High-Intensity Exercise Promotes Deleterious Cardiovascular Remodeling in a High-Cardiovascular-Risk Model: A Role for Oxidative Stress

Antioxidants 2023, 12(7), 1462; https://doi.org/10.3390/antiox12071462
by Aline Meza-Ramos 1,2,3,†, Anna Alcarraz 1,2,†, Marta Lazo-Rodriguez 1,4, Gemma Sangüesa 1,‡,§, Elisenda Banon-Maneus 1,4, Jordi Rovira 1,4, Maria Jose Ramirez-Bajo 1,4, Marta Sitges 1,2,5,6, Lluís Mont 1,2,5,6, Pedro Ventura-Aguiar 1,4,7, Montserrat Batlle 1,6,* and Eduard Guasch 1,2,5,6,*
Reviewer 2:
Reviewer 3:
Reviewer 4:
Antioxidants 2023, 12(7), 1462; https://doi.org/10.3390/antiox12071462
Submission received: 23 April 2023 / Revised: 1 July 2023 / Accepted: 3 July 2023 / Published: 20 July 2023
(This article belongs to the Special Issue Exercise-Induced Antioxidant Response and Oxidative Stress)

Round 1

Reviewer 1 Report

Dear authors,

If is possible add some statisctical data in abstract.

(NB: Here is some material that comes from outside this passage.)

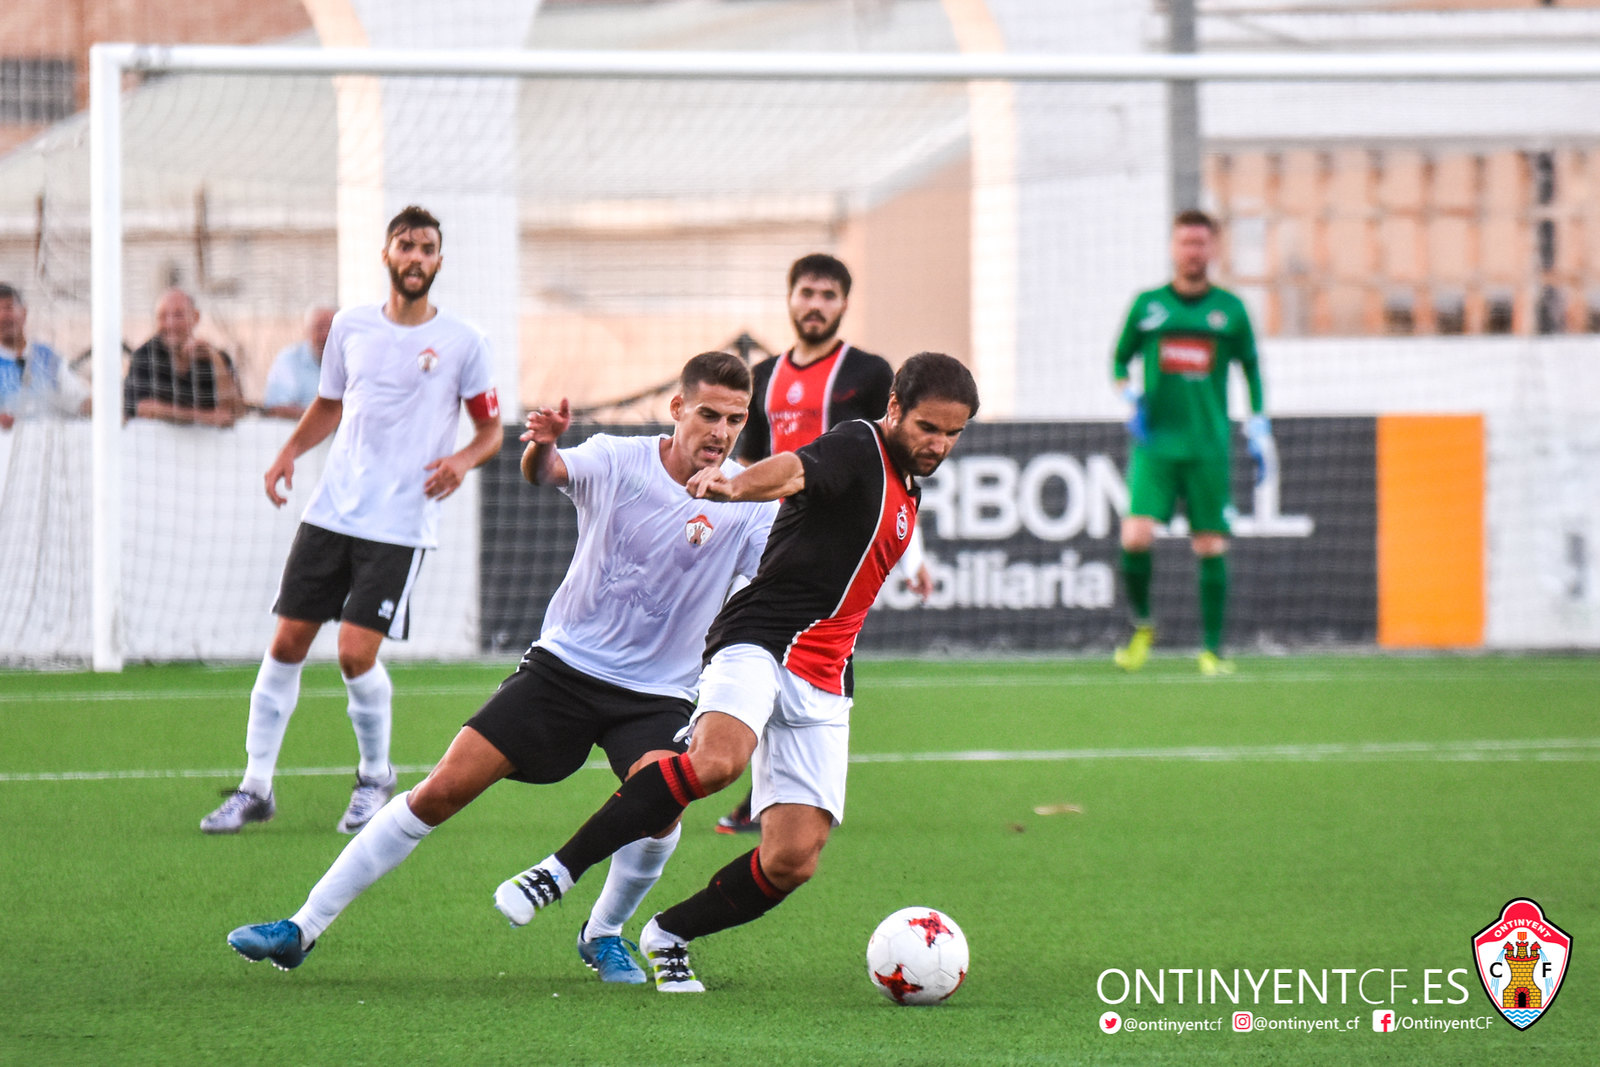 Ontinyent CF AD Unión Adarve

Try to add in the introduction more information about high intensity exercise and oxidative stress.

The manuscript is well designed. Congratulations.

 

Author Response

Please see the attachment.

Author Response File: Author Response.pdf

Reviewer 2 Report

Dear authors

Your research is very interesting, however I could say that I would have doubts as to whether the results of this research in an even unknown animal sample can be generalized to humans. In addition to obesity, there are other factors that can affect the outcome of intense training in high-risk patients, such as age (here the experimental animals were relatively young, psychological factors, coexistence of smoking, etc.)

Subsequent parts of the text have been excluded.